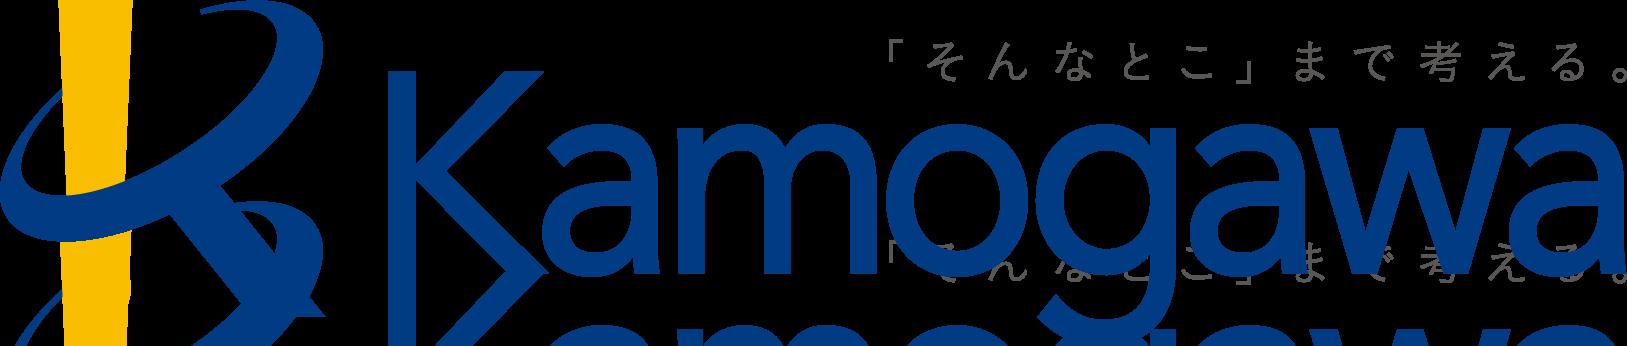 株式会社Kamogawa
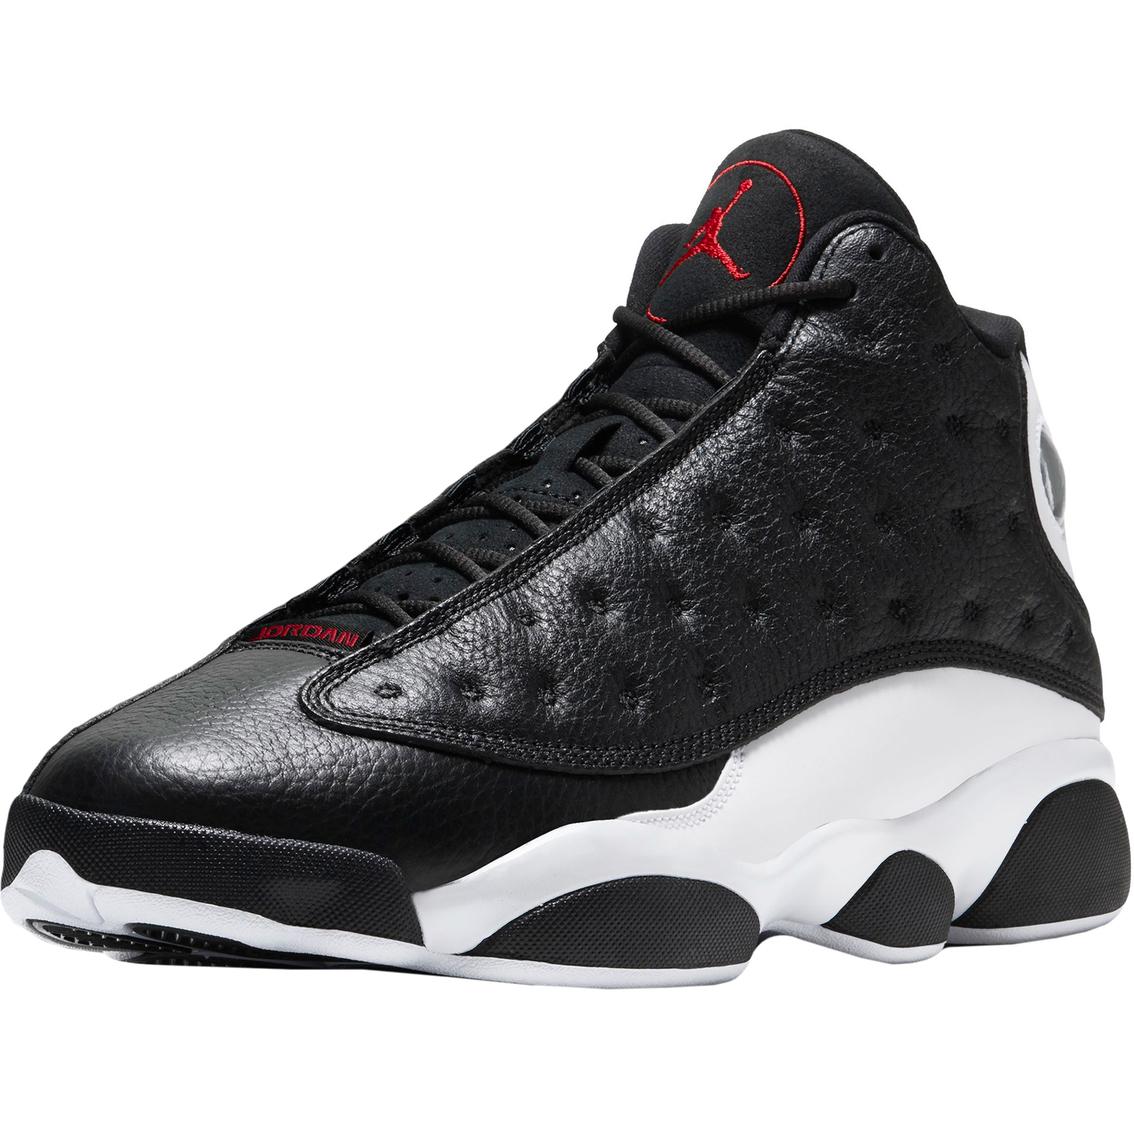 Jordan Air Jordan 13 Retro Shoes   Basketball   Back To School ...
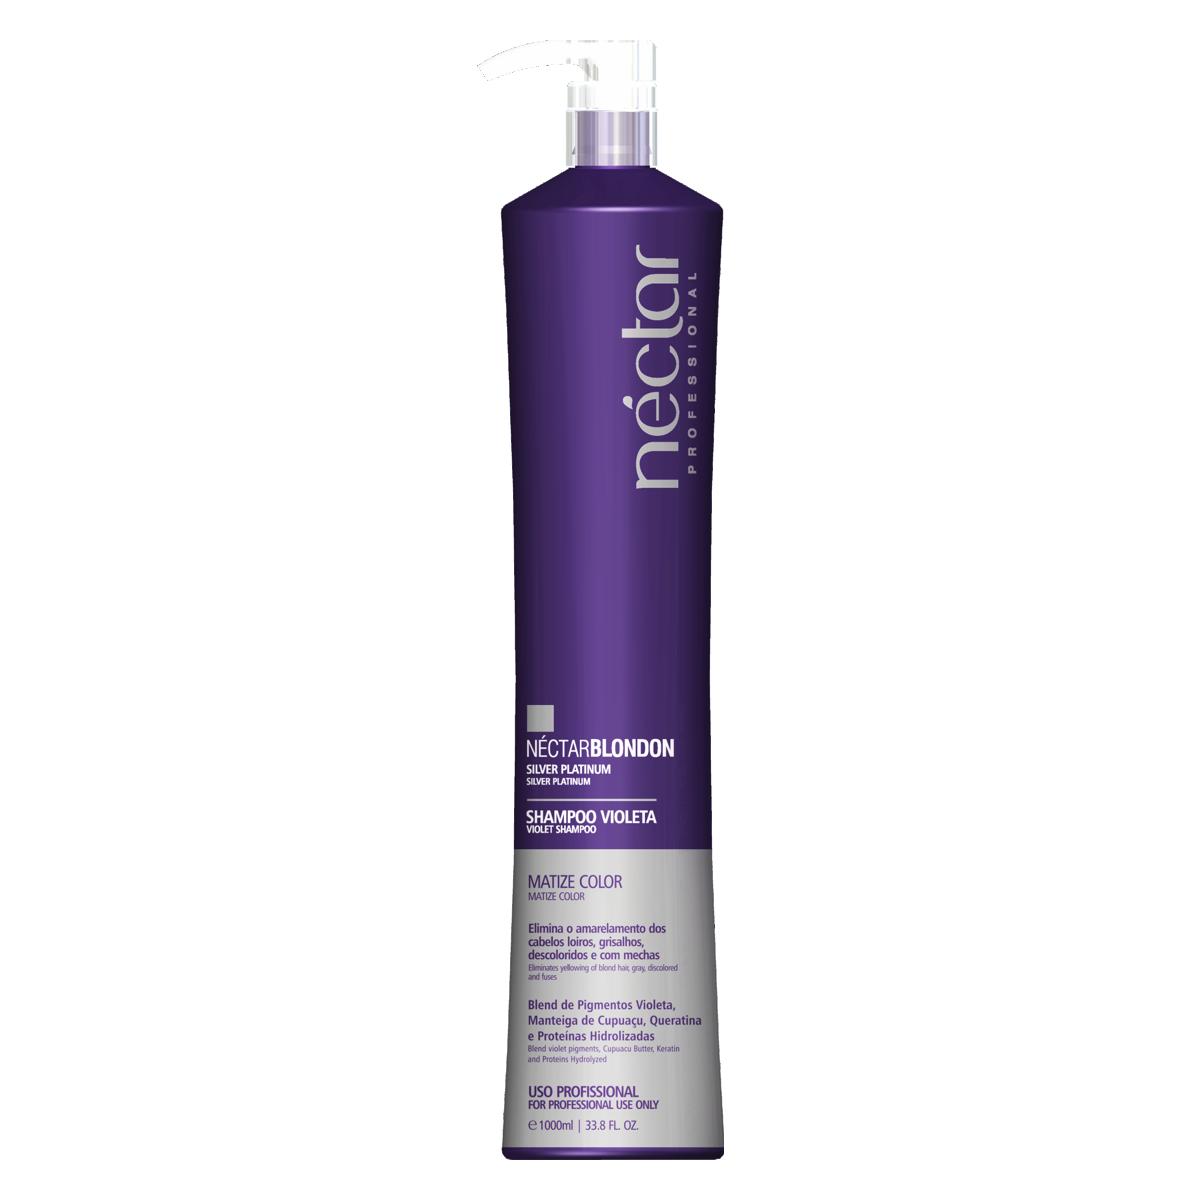 Shampoo Violeta Professional 1000ml - Néctar Blond
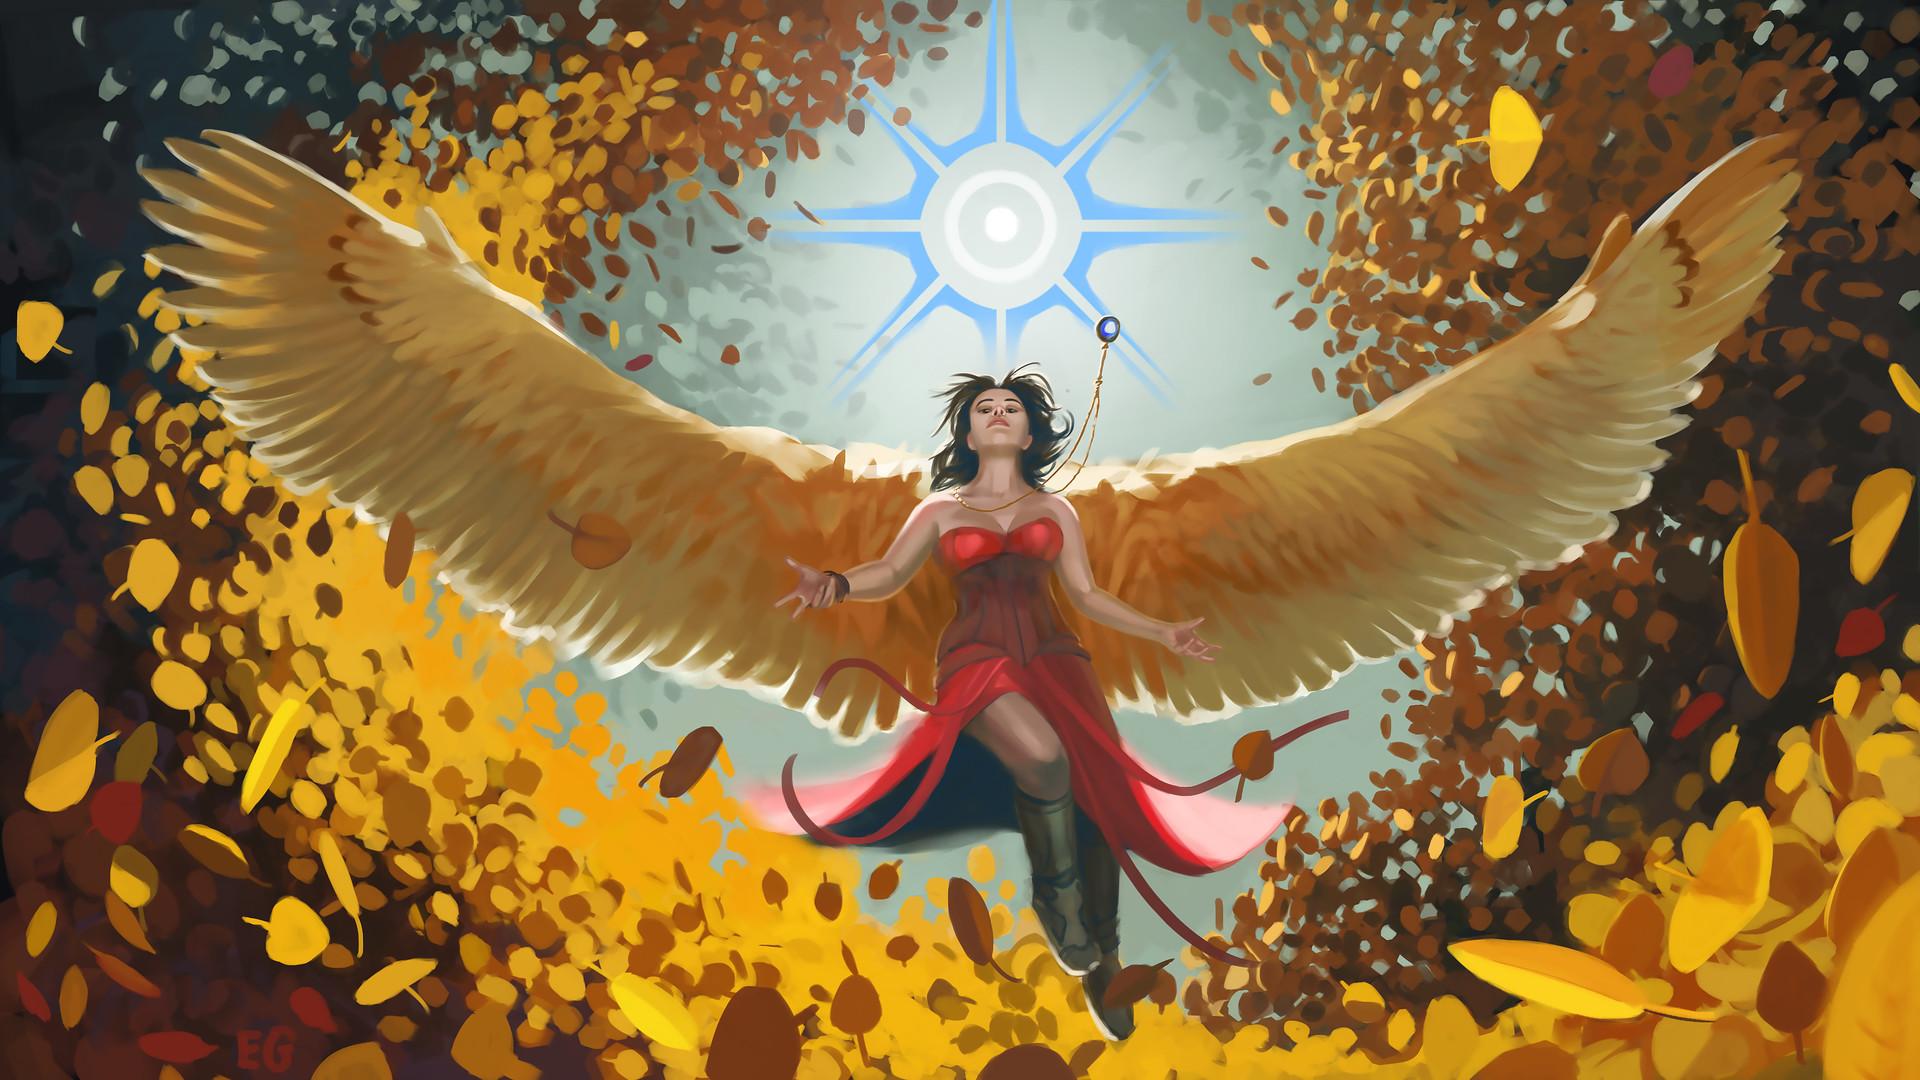 eric-geusz-angel-f.jpg

-- -- --

**TASK TO CARRY OUT**
Everything in the data except the pictures must appear in your answer unchanged.

**EXERCISE OUTPUT**
 株式会社Kamogawa
 Jordan Air Jordan 13 Retro Shoes   Basketball   Back To School ...
 Shampoo Violeta Professional 1000ml - Néctar Blond
 eric-geusz-angel-f.jpg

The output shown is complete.